Starting with the line that holds "#obur #mirage #jaltujalaaltu", reproduce each line through the last one of the data, exactly as written. Pictures are not copied.
*** Opening Data section ***
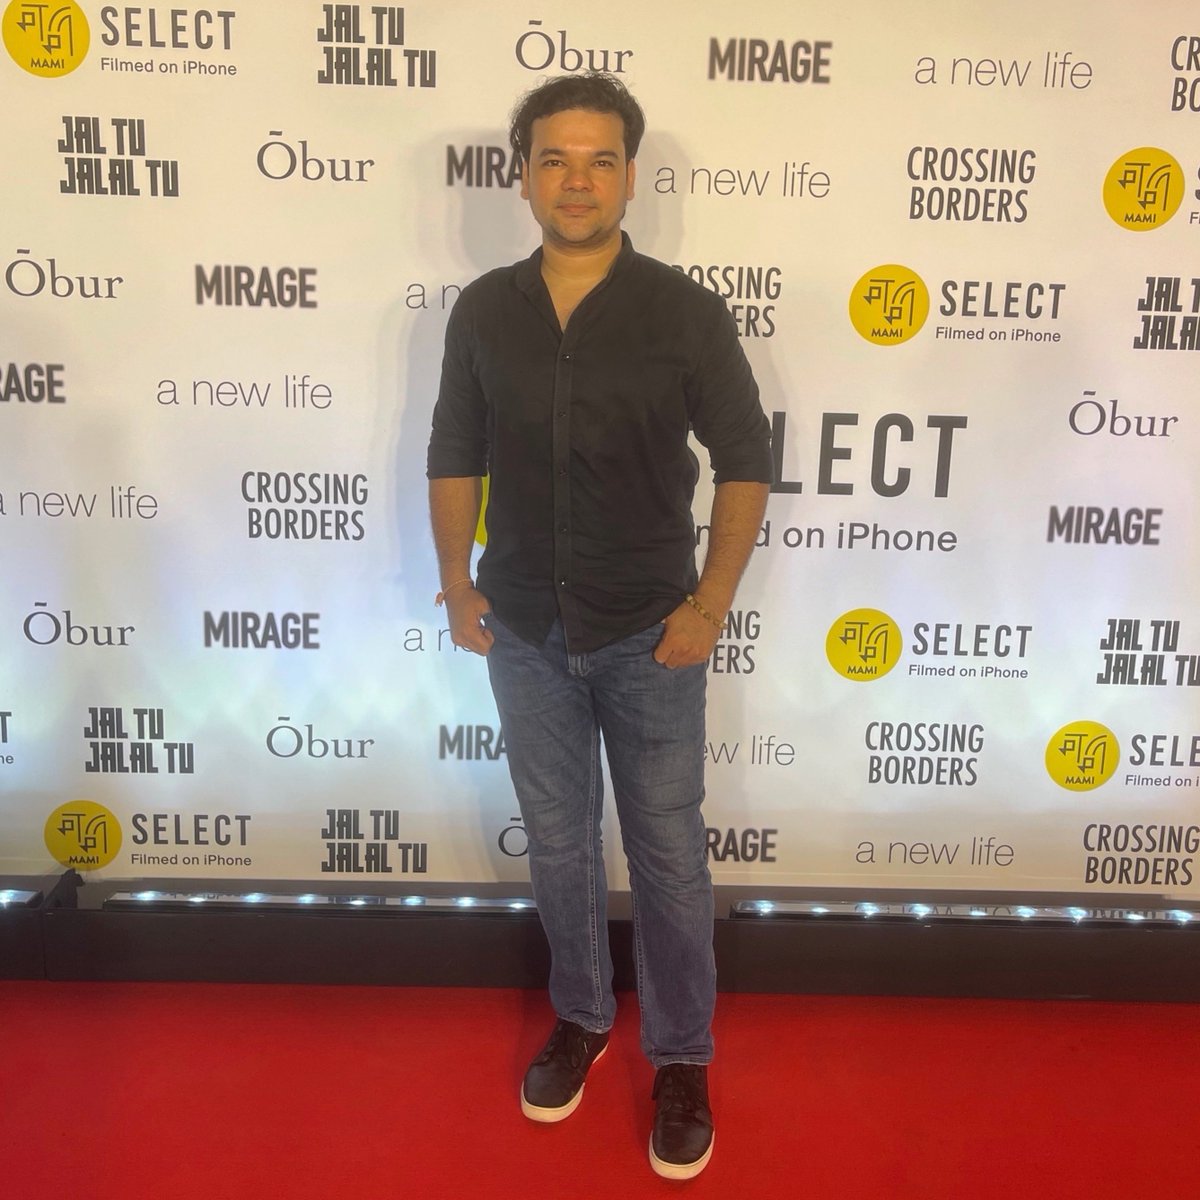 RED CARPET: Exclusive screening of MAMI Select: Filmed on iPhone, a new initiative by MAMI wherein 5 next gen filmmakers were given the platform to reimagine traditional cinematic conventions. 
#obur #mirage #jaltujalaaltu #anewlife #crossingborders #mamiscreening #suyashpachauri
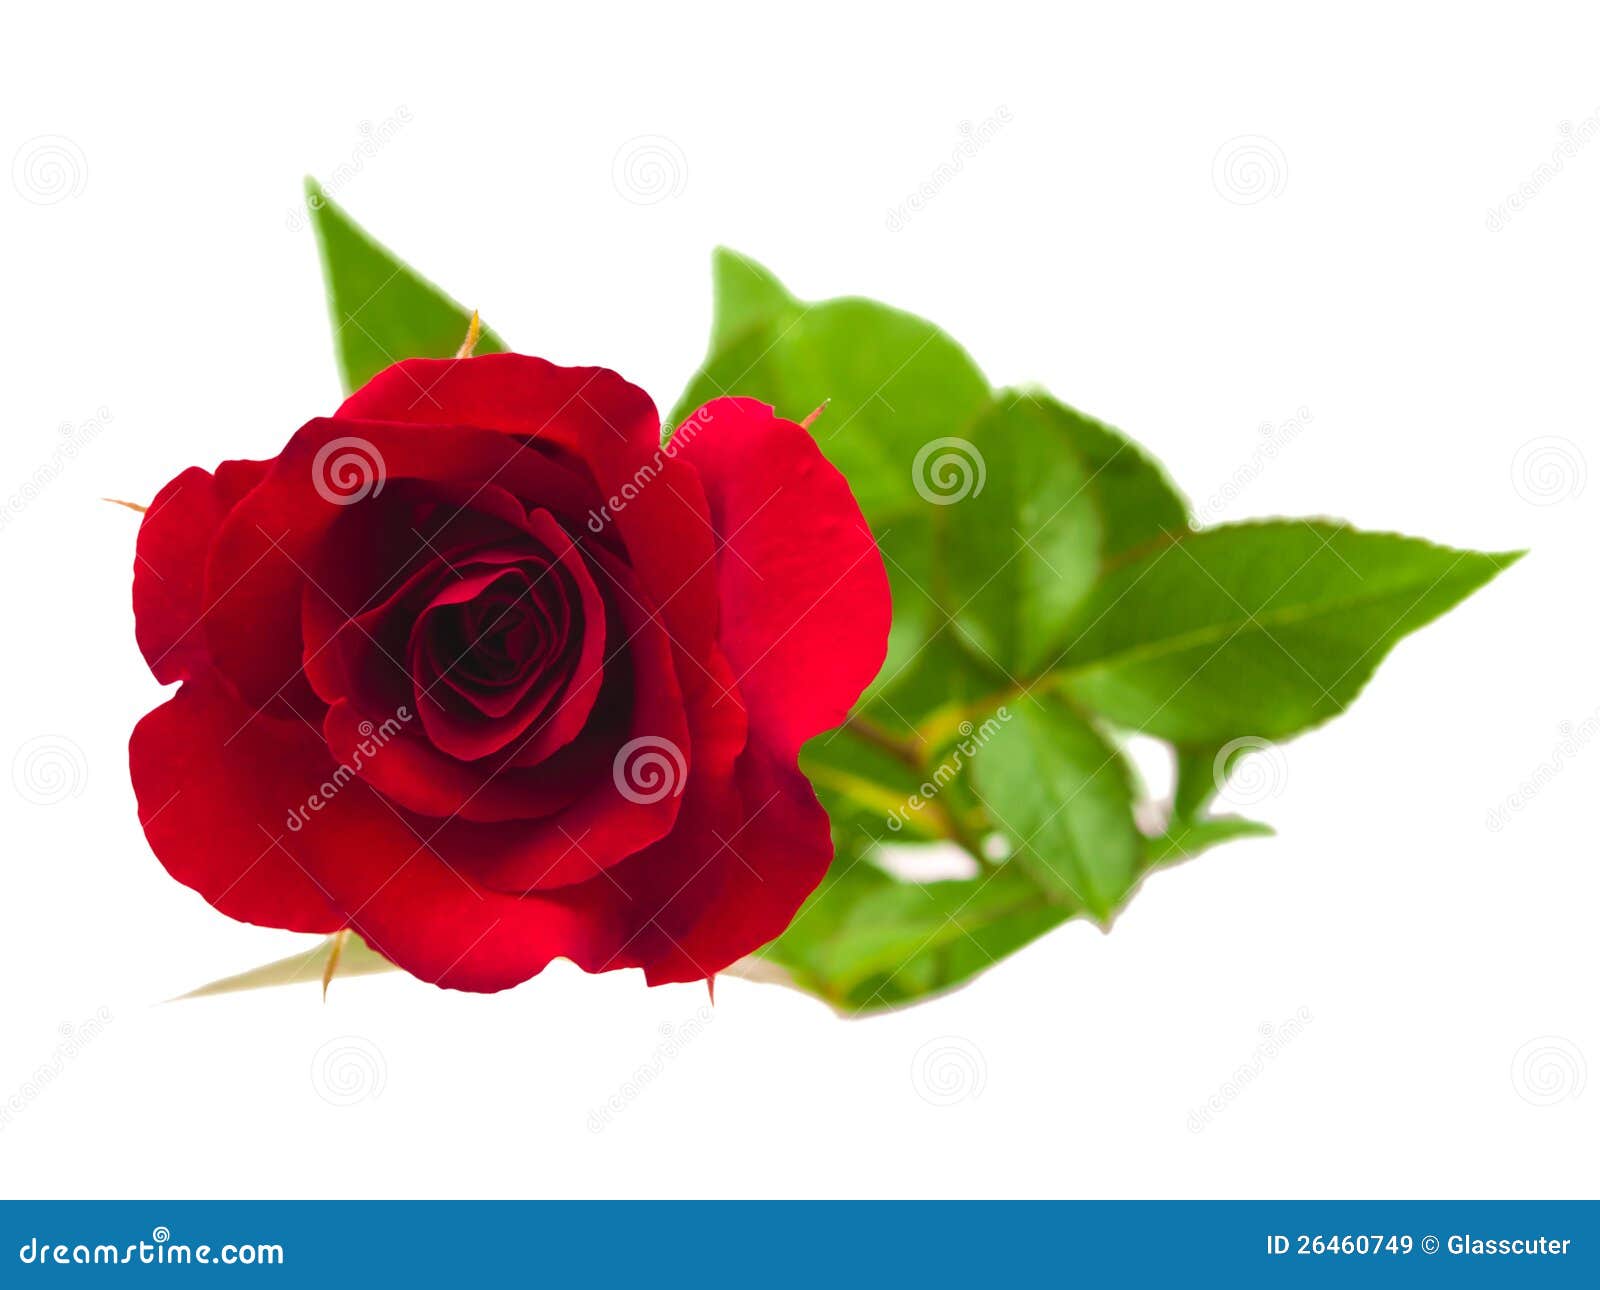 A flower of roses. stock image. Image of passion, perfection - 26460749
*** Closing Data section ***
● The answer:
#obur #mirage #jaltujalaaltu #anewlife #crossingborders #mamiscreening #suyashpachauri
 A flower of roses. stock image. Image of passion, perfection - 26460749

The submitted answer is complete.